Sur la ligne NANOSCOPIUM l'imagerie de fluorescence X (XRF) par balayage a été réalisée par balayage continu rapide (FLYSCAN) sur des zones d’un mm2 d’échantillons représentatifs des sédiments marins étudiés. Ces mesures ont permis d'obtenir des cartes de distribution des éléments S, K, Ca, Ba, Mn, Fe, Ni, Cu, Zn, Ga, Ge, As, Se, Pb, Sr et Zr dans les fossiles et les sédiments encaissants (roches hôtes), comme l'illustrent les figures 3a et 3b.

Figure 3a : Zones (carrés rouges) analysées par XRF dans les roches hôtes et un fossile (zone de couleur gris clair délimitée par les flèches jaunes).

 

Figure 3b : Cartes de distribution des éléments S, Fe, Ca et Zn.  En haut : dans le fossile (zone de 500 µm x 500 µm) et en bas : dans la roche hôte (zone de 600 µm x 600 µm).
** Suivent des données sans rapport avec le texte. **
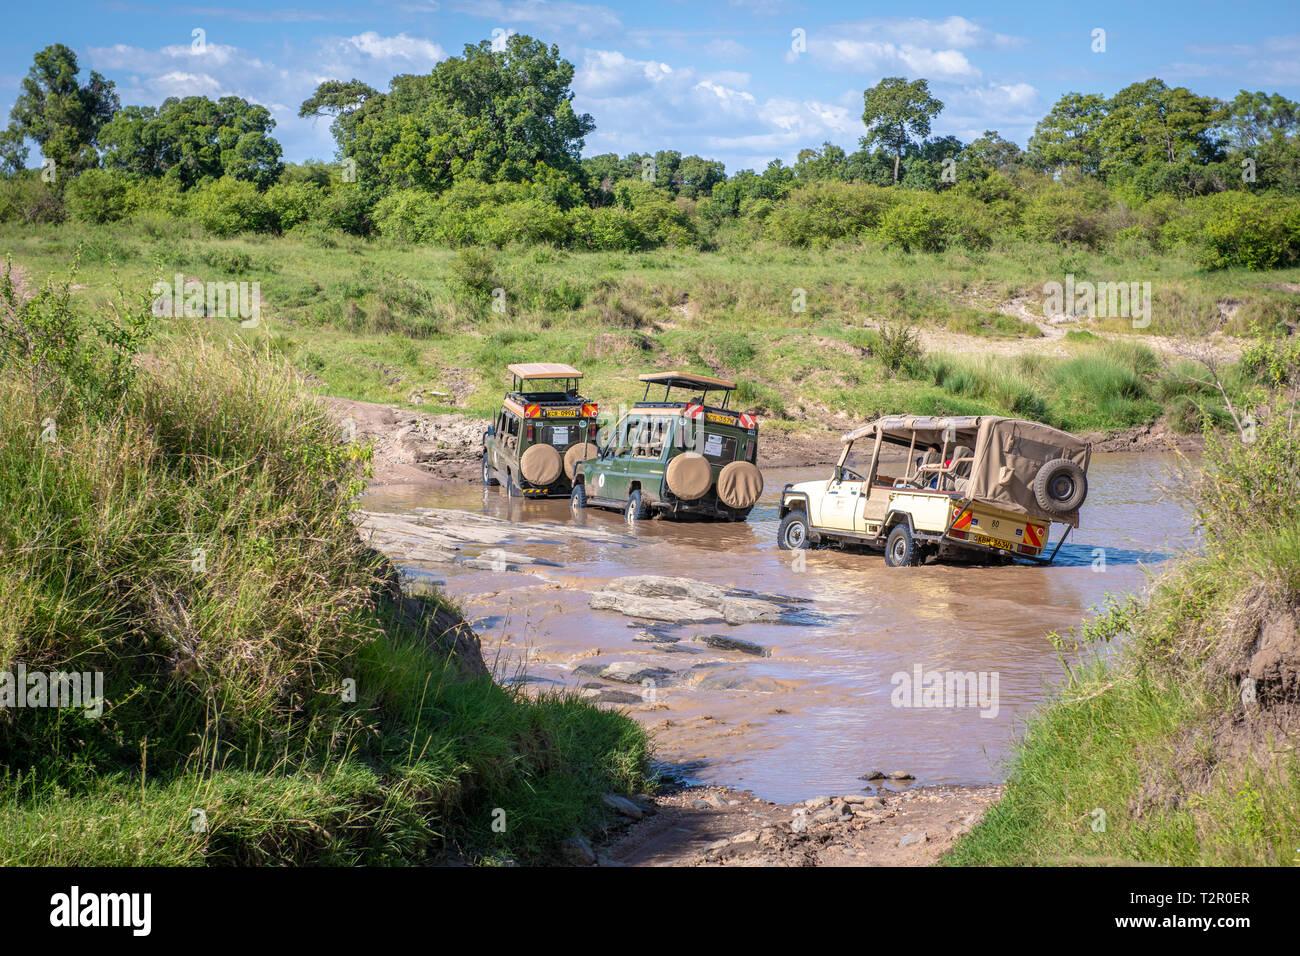 Game viewers carrying tourist drive through a stream in Maasai Mara National Reserve, Kenya - Stock Image

Le grand nombre de pixels, 20.000-90.000 par image, mesurés dans chaque scan a permis une comparaison statistique approfondie entre la composition chimique du fossile et celle de la roche hôte. Par exemple, comme les cartes de distribution de S, K, Ca et Mn ne montrent aucune colocalisation significative avec le Zn, on peut conclure que le Zn n'est pas lié à des phases minérales contenant du S, K, Ca ou Mn, que ce soit dans les fossiles ou dans les roches hôtes. En outre, l'imagerie XRF à haute résolution spatiale a été cruciale pour identifier les valeurs particulières à forte teneur en Zn, qui ne sont présentes que dans ~3,5 % du nombre total de pixels, sous forme de phases minérales d’une taille d'un micromètre. La présence rare de ces micro-minéraux contenant du Zn entraîne une augmentation négligeable, moins de 10 %, de la concentration moyenne de Zn mesurée dans n'importe quelle zone d'échantillonnage choisie. Cette découverte est cruciale pour une comparaison fiable de la teneur en Zn des fossiles et des roches hôtes par des techniques d'analyse « bulk » (qui donnent des valeurs de mesure moyennées sur une surface ou un volume, et ne permettent pas de déterminer leur variation spatiale).

 

* Organismes composés d’une ou plusieurs cellules qui se caractérisent par la présence d’un noyau et d’organites délimités par des membranes cellulaires.

** Le principe : exploiter les variations observées entre deux espèces dans des régions similaires de leur ADN pour estimer la durée écoulée depuis l’époque où vivait leur dernier ancêtre commun.